*Work instructions*
Everything from the line containing "Measuring and modeling" through the last line of the listing below should be returned exactly, except for pictures.

*Recorded information*
▼

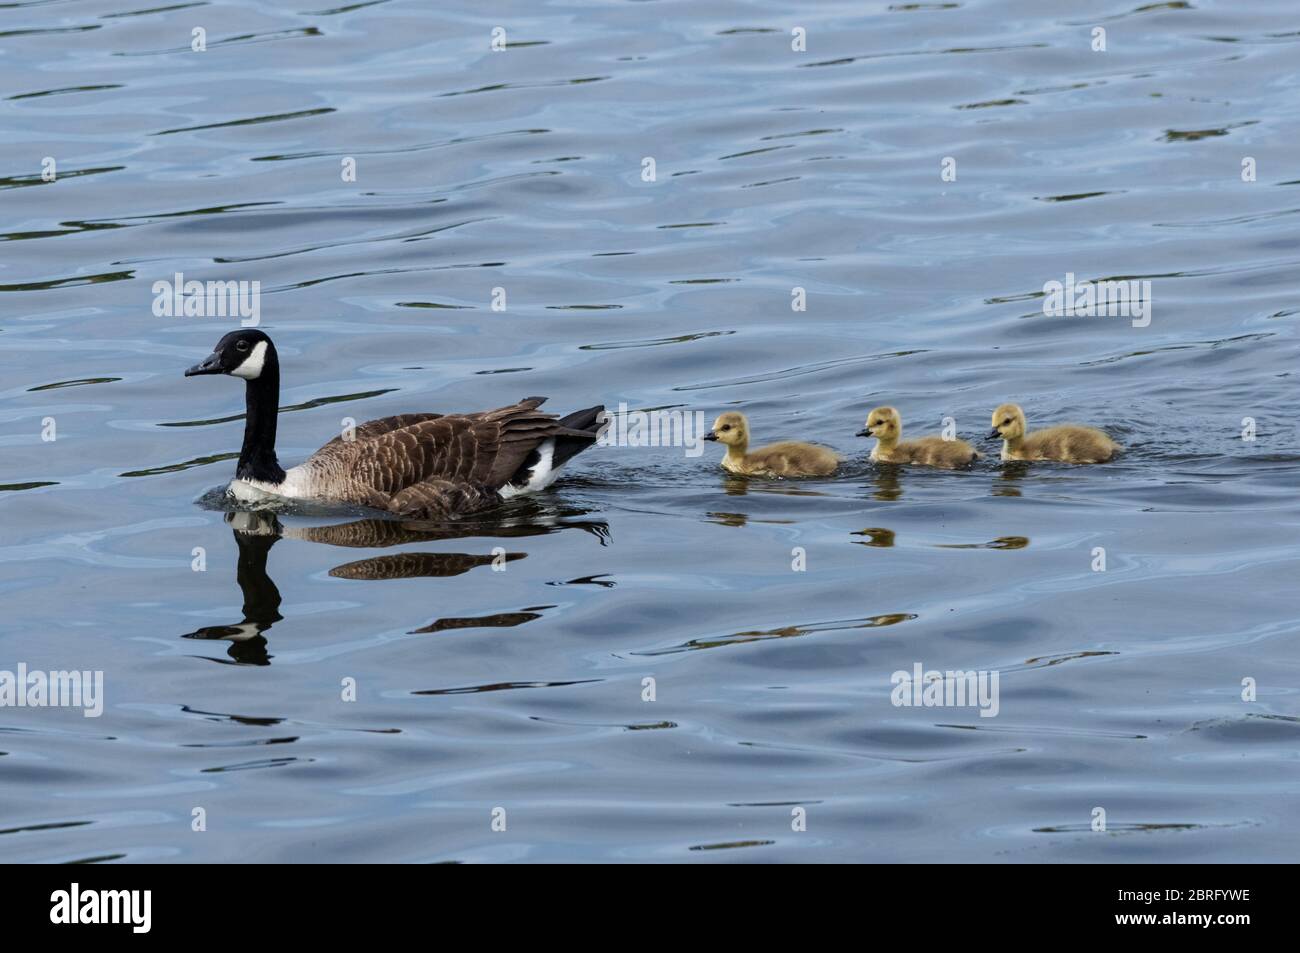 Canada goose with goslings swimming in line Stock Photo
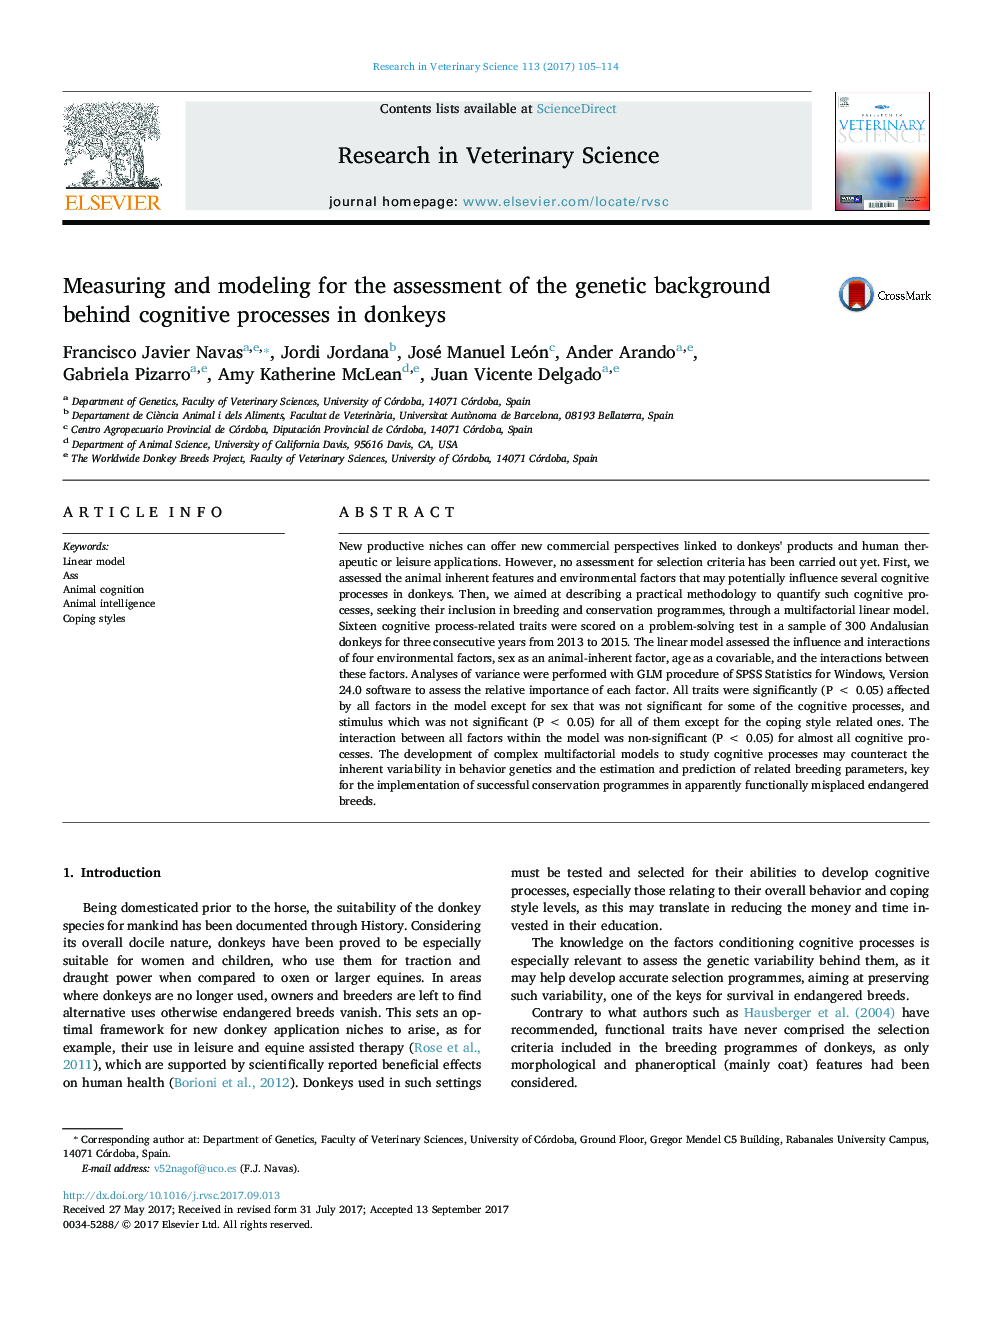 Measuring and modeling for the assessment of the genetic background behind cognitive processes in donkeys
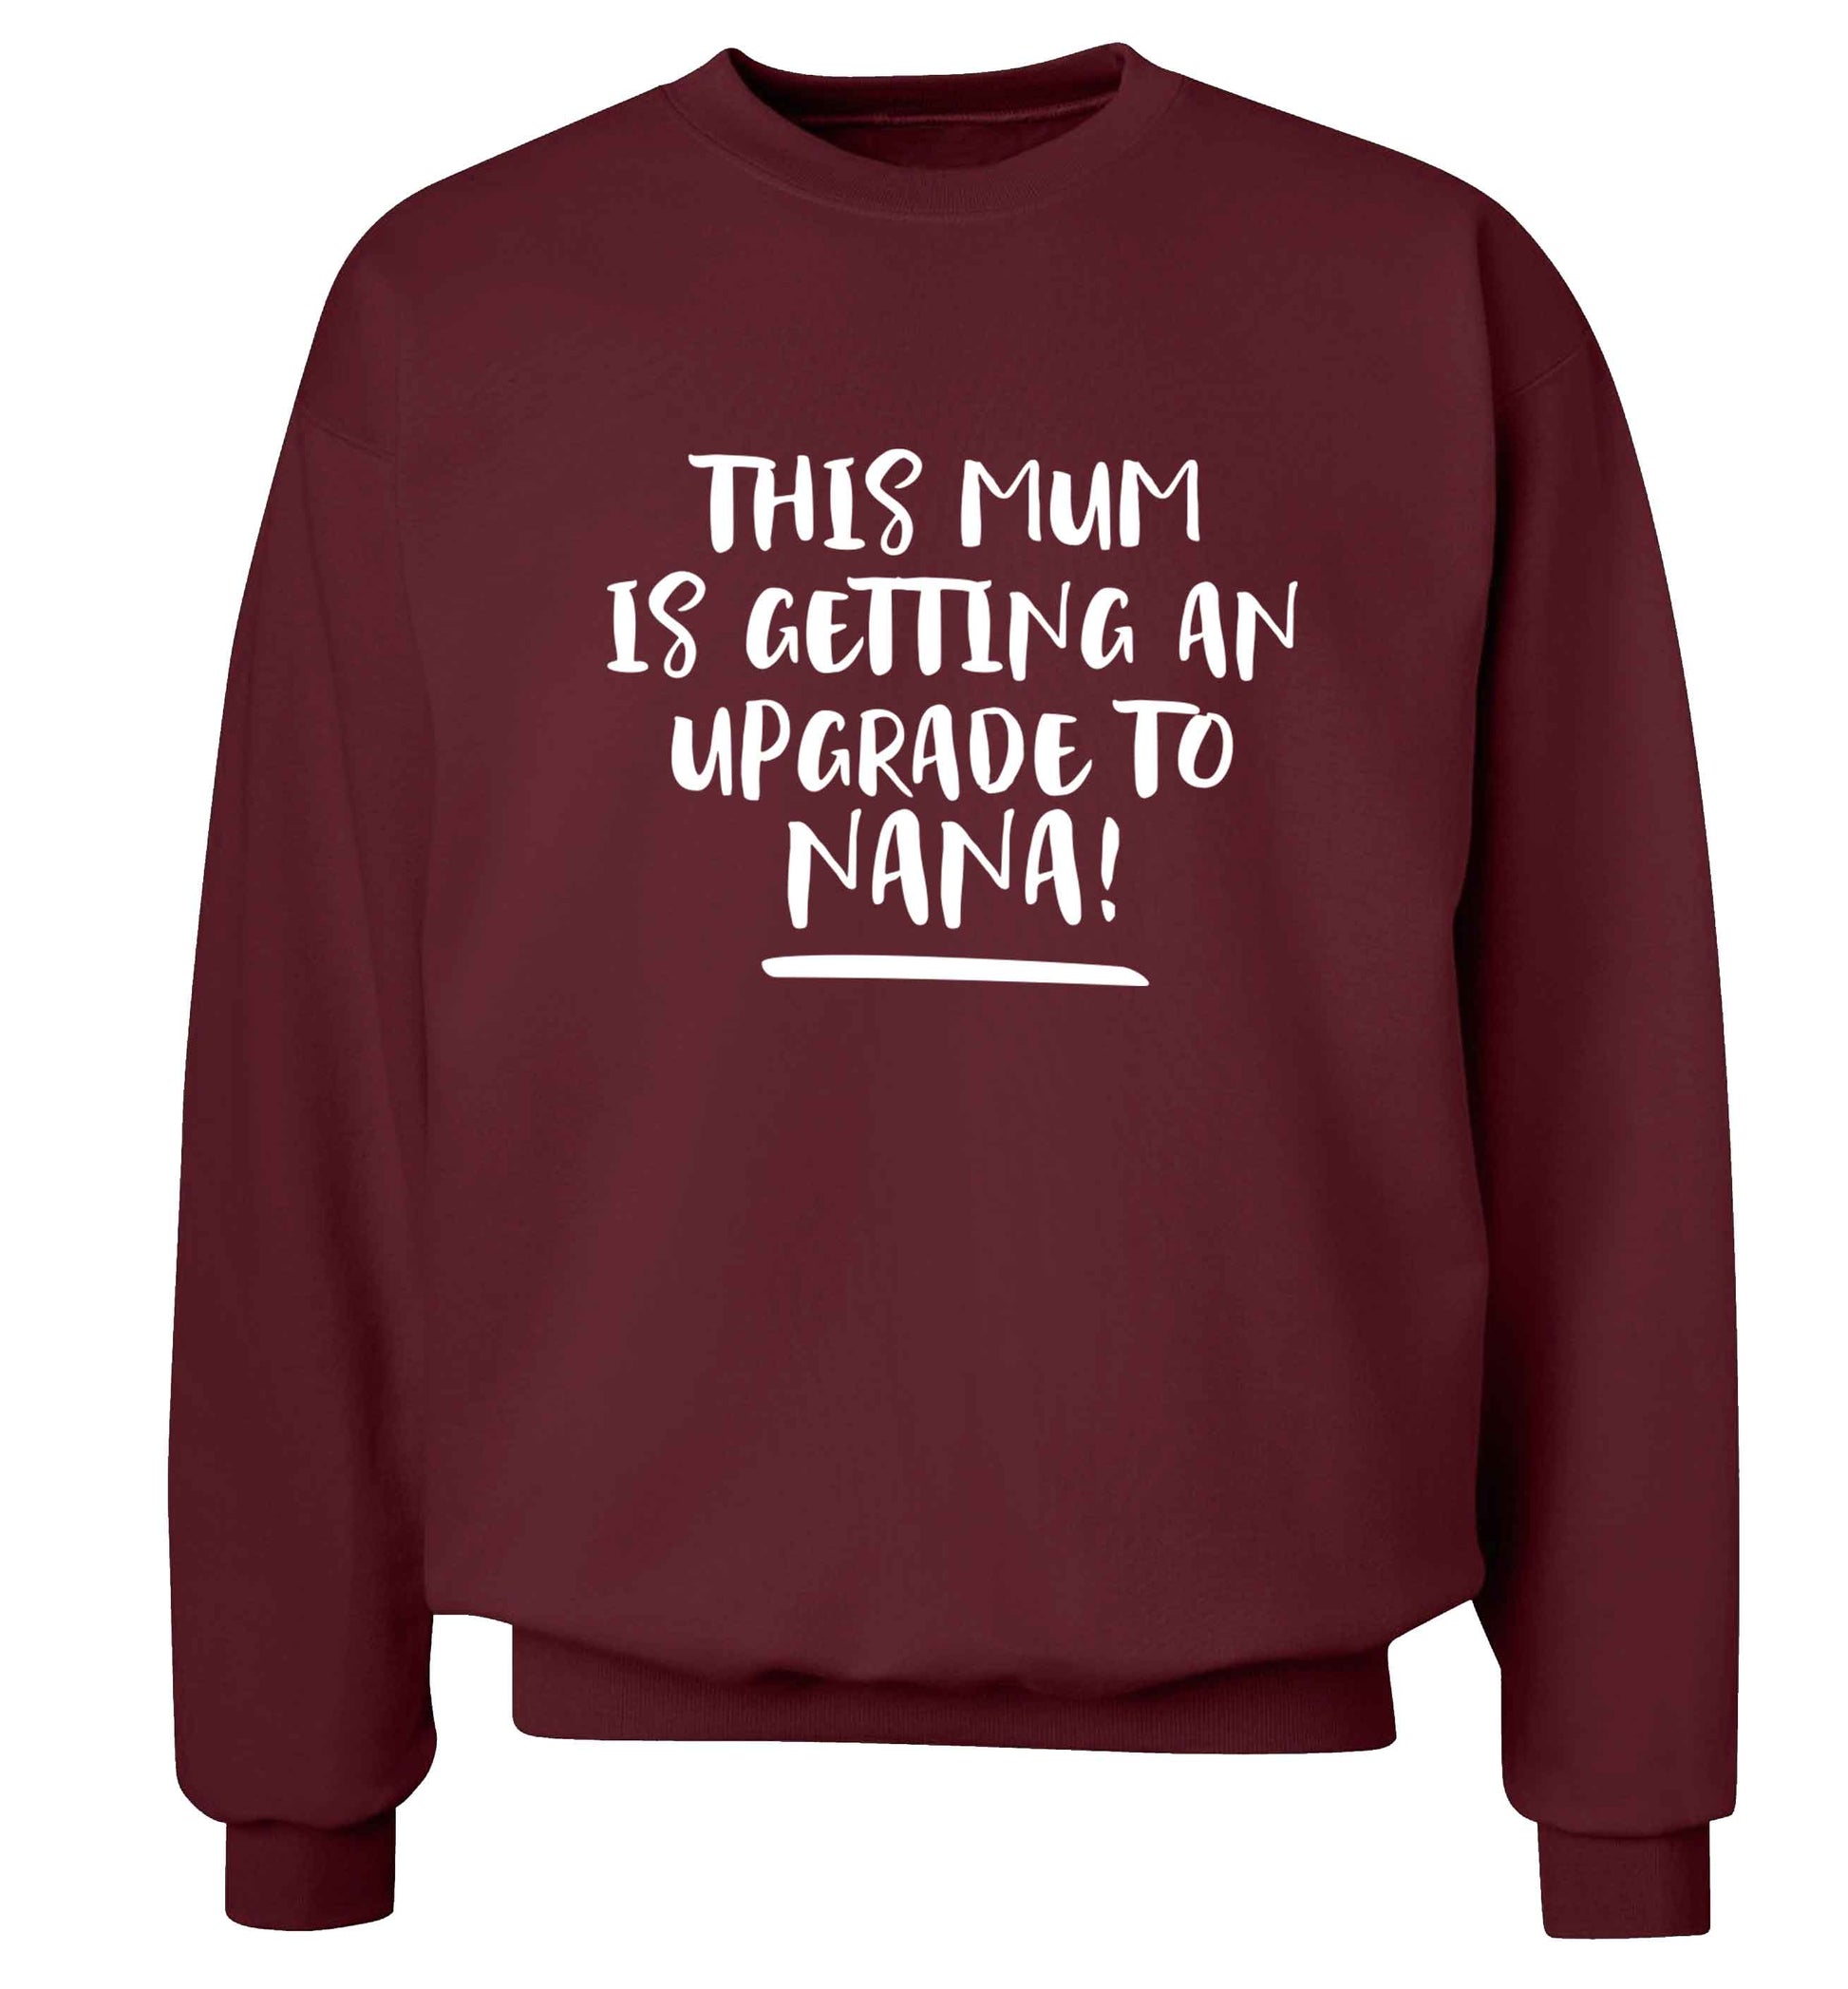 This mum is getting an upgrade to nana! Adult's unisex maroon Sweater 2XL
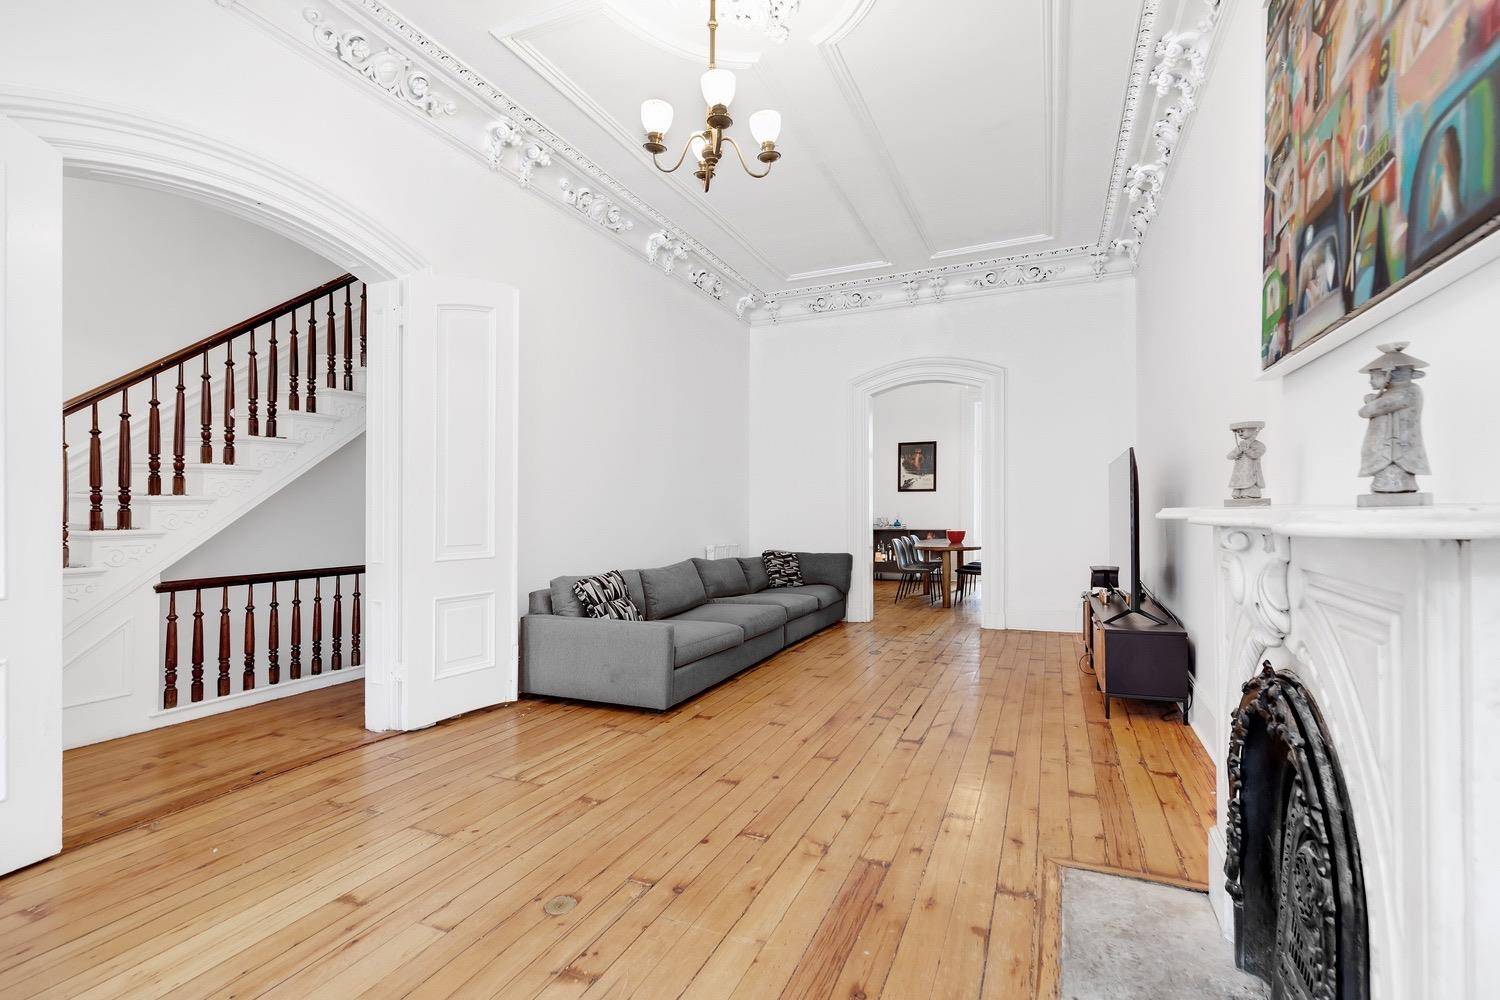 Live in this West Village beauty, available as an upper Parlor triplex.

▲

*Answer*
 Measuring and modeling for the assessment of the genetic background behind cognitive processes in donkeys
 This mum is getting an upgrade to nana! Adult's unisex maroon Sweater 2XL
 Live in this West Village beauty, available as an upper Parlor triplex.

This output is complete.